Dr Hajjar began by examining the role of gene therapy in HF. He drew a distinction between cellular therapy, which allows the introduction of new cells that can help the remodelling of damaged or diseased myocardium or extracellular matrix, and gene therapy, which focuses on altering the function of diseased cardiac cells at the level of the single gene. In the last decade there has been invigorated interest in cardiac gene therapy as a result of increasingly efficient gene transfer technologies and safer vectors that allow the homogeneous transduction of cardiomyocytes. Critical advances that have supported the increased use of gene therapy include the ability to induce long-term expression of the target gene, viral vectors with higher cardiac specificity and minimally invasive vector delivery techniques.1,2 Dr Hajjar’s team is investigating gene replacement therapy using adeno-associated virus (AAV) vectors delivering the SERCA2a gene.
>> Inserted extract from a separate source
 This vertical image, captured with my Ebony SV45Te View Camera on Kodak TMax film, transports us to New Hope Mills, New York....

These vectors have been demonstrated to be safe and non-pathogenic; the majority of the population has been exposed to the wild-type virus in childhood without any evidence of disease.
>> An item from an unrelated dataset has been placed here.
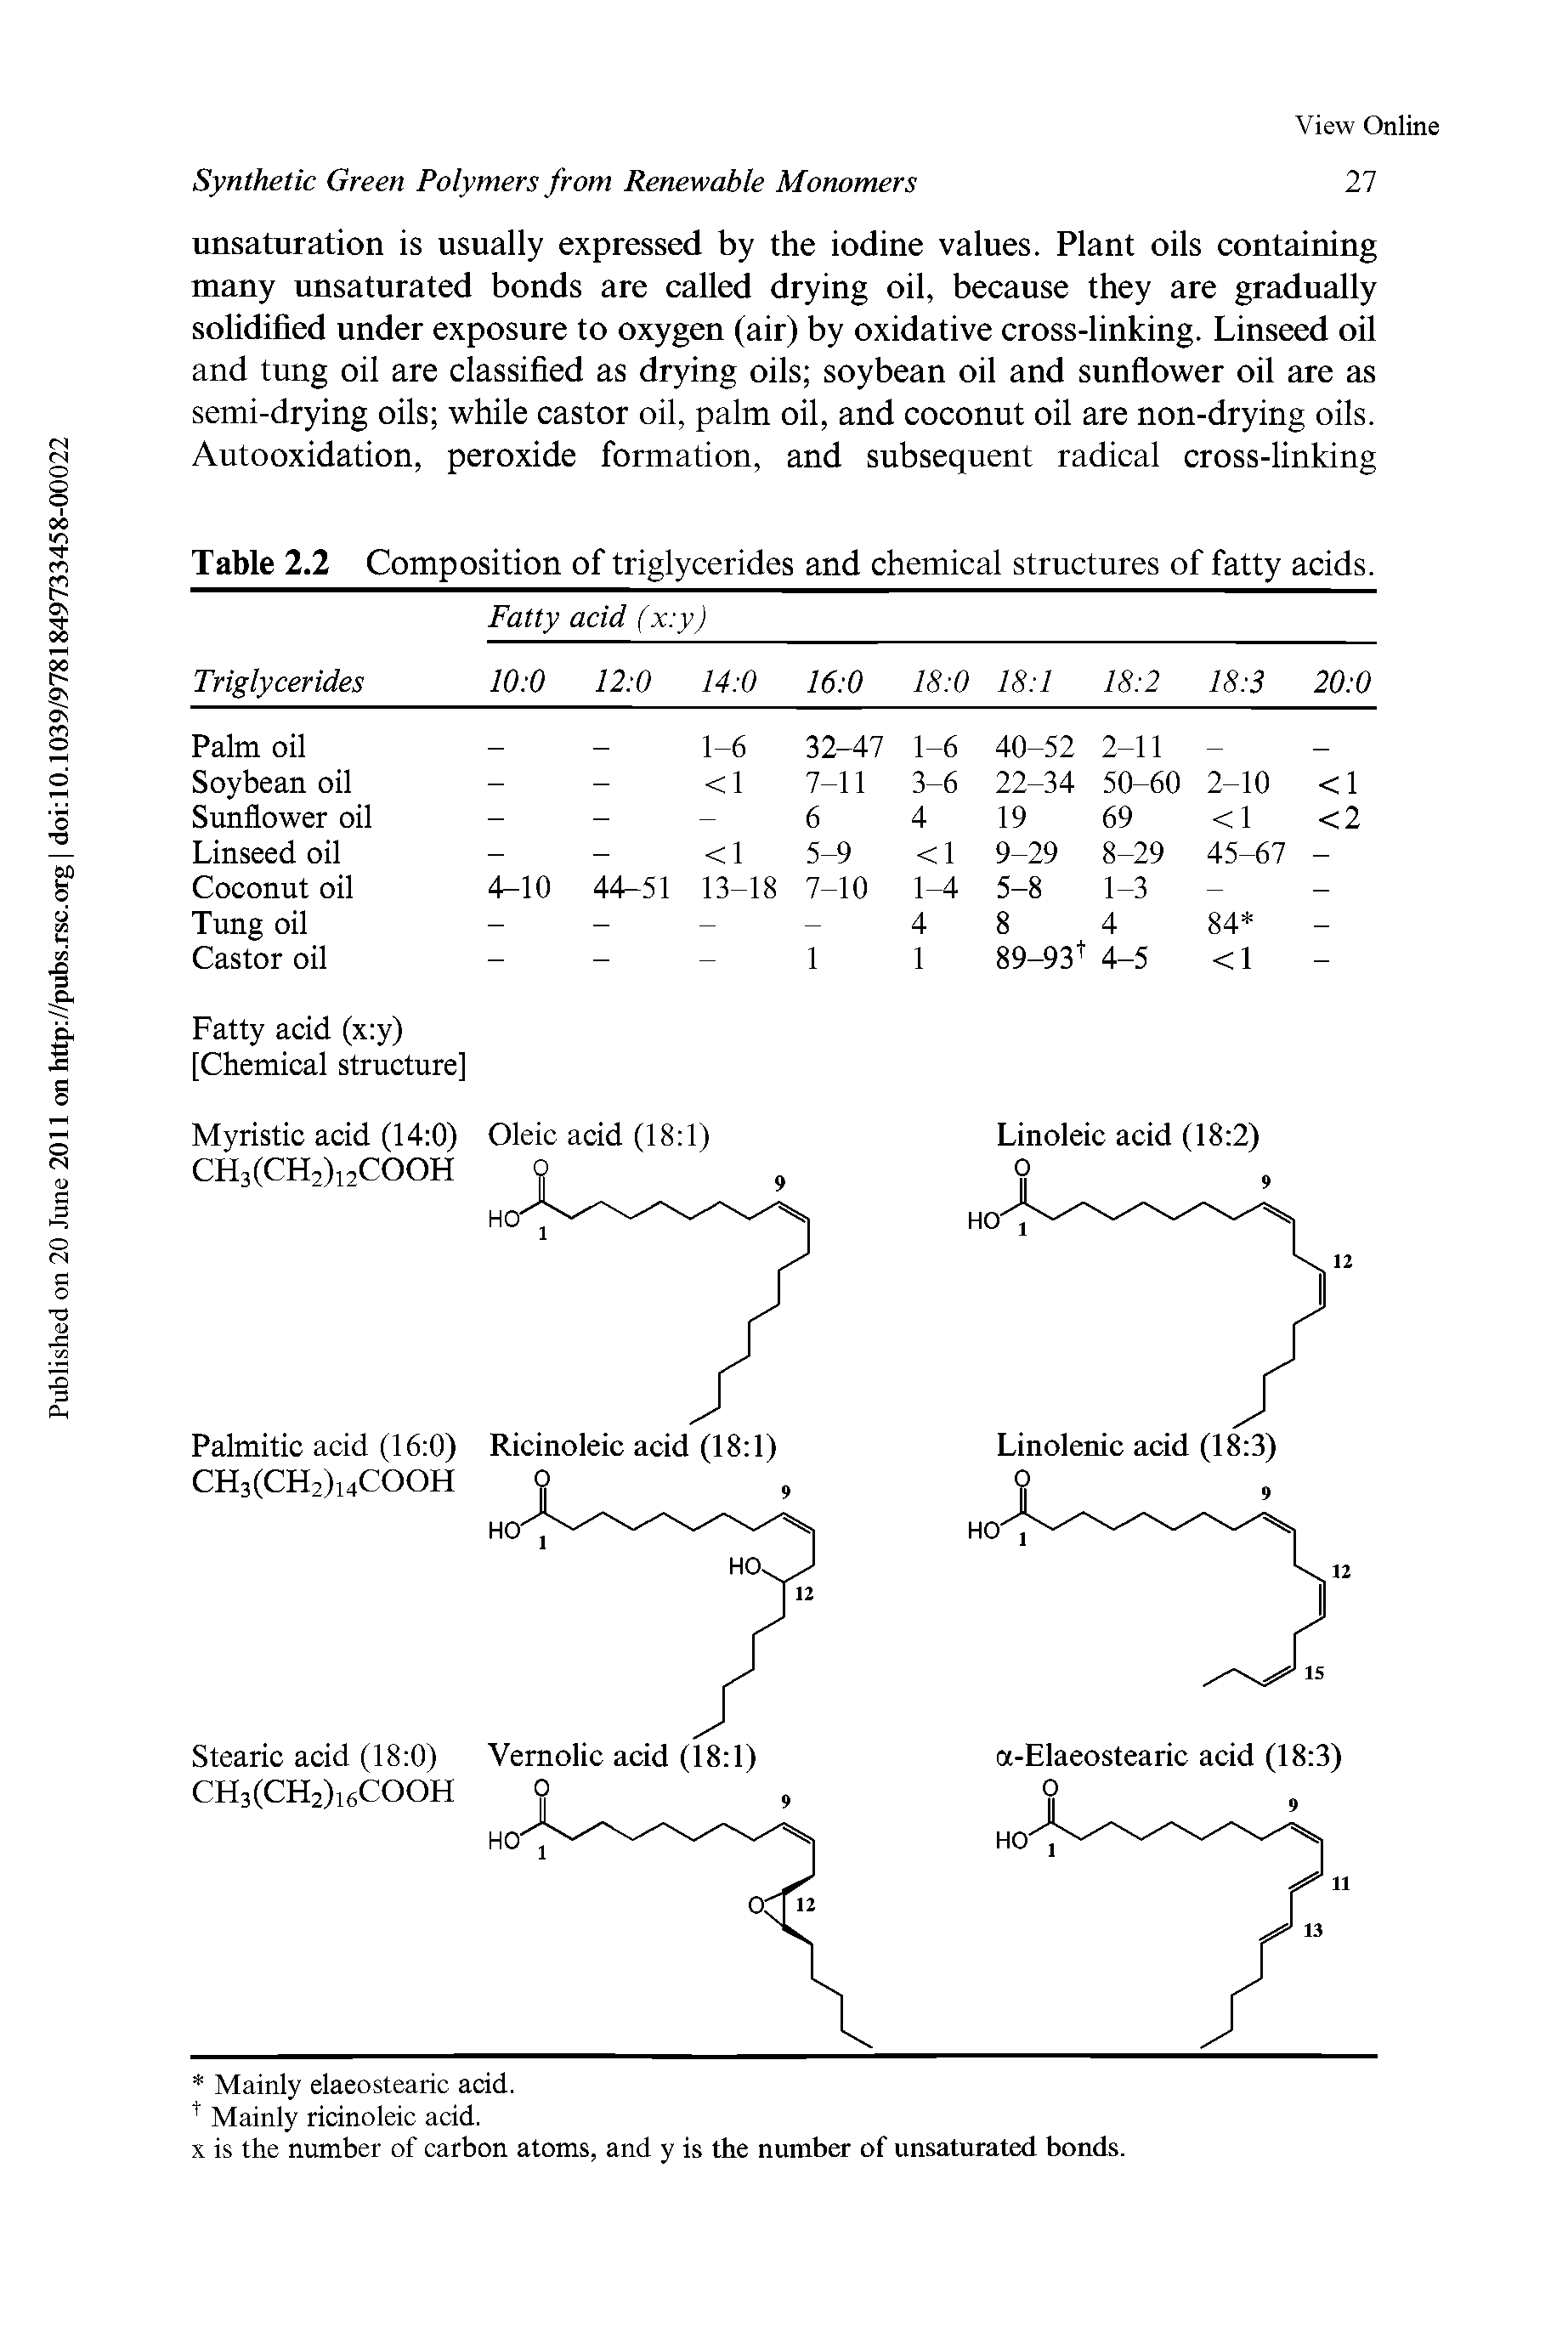 Table 2.2 Composition of triglycerides and chemical structures of fatty acids.

The efficiency of gene transfer is has been a major obstacle to the successful translation of gene therapy into the clinic. The rate of in vivo viral transduction reported in clinical trials is too low to induce any physiological impact. The efficiency of gene transfer to the heart can be improved by increasing perfusion pressure, coronary flow, vector dose, and dwell time. The preferred method of administering the vector is through percutaneous intracoronary artery infusion, since this approach more readily ensures gene delivery to the viable myocardium. The Calcium Up-Regulation by Percutaneous Administration of Gene Therapy In Cardiac Disease (CUPID) clinical trials investigated this method of intracoronary administration of AAV type 1 (AAV1)/SERCA2a in patients with Class III/IV HF. CUPID 1 was a randomised, doubleblind, placebo-controlled, Phase IIa study in patients with advanced HF. Following the administration of intracoronary AAV1/SERCA2a or placebo, significant increases in time to clinical events and decreased frequency of cardiovascular events were observed at 12 months in the treatment group (hazard ratio=0.12; P=0.003), and mean duration of cardiovascular hospitalisations over 12 months was substantially decreased (0.4 versus 4.5 days; P=0.05) on high-dose treatment versus placebo.3
The follow-up and larger Phase IIb study (CUPID 2) is the largest gene transfer study carried out in humans to date (n=250). However, AAV1/SERCA2a at the dose tested did not show an improvement in the primary endpoint.4 Possible reasons for this disappointing result include insufficient myocardial uptake, because the AAV concentration was too low (the US Food and Drug Administration did not allow the use of higher doses), and the method of gene transfer was inadequate. While previous data in animals had showed a high percentage of infected cardiomyocytes (30–75 %), data from CUPID 2 showed that the uptake in humans was much lower (<0.5–1 %). The method of gene transfer in CUPID 2 trial was clearly inadequate.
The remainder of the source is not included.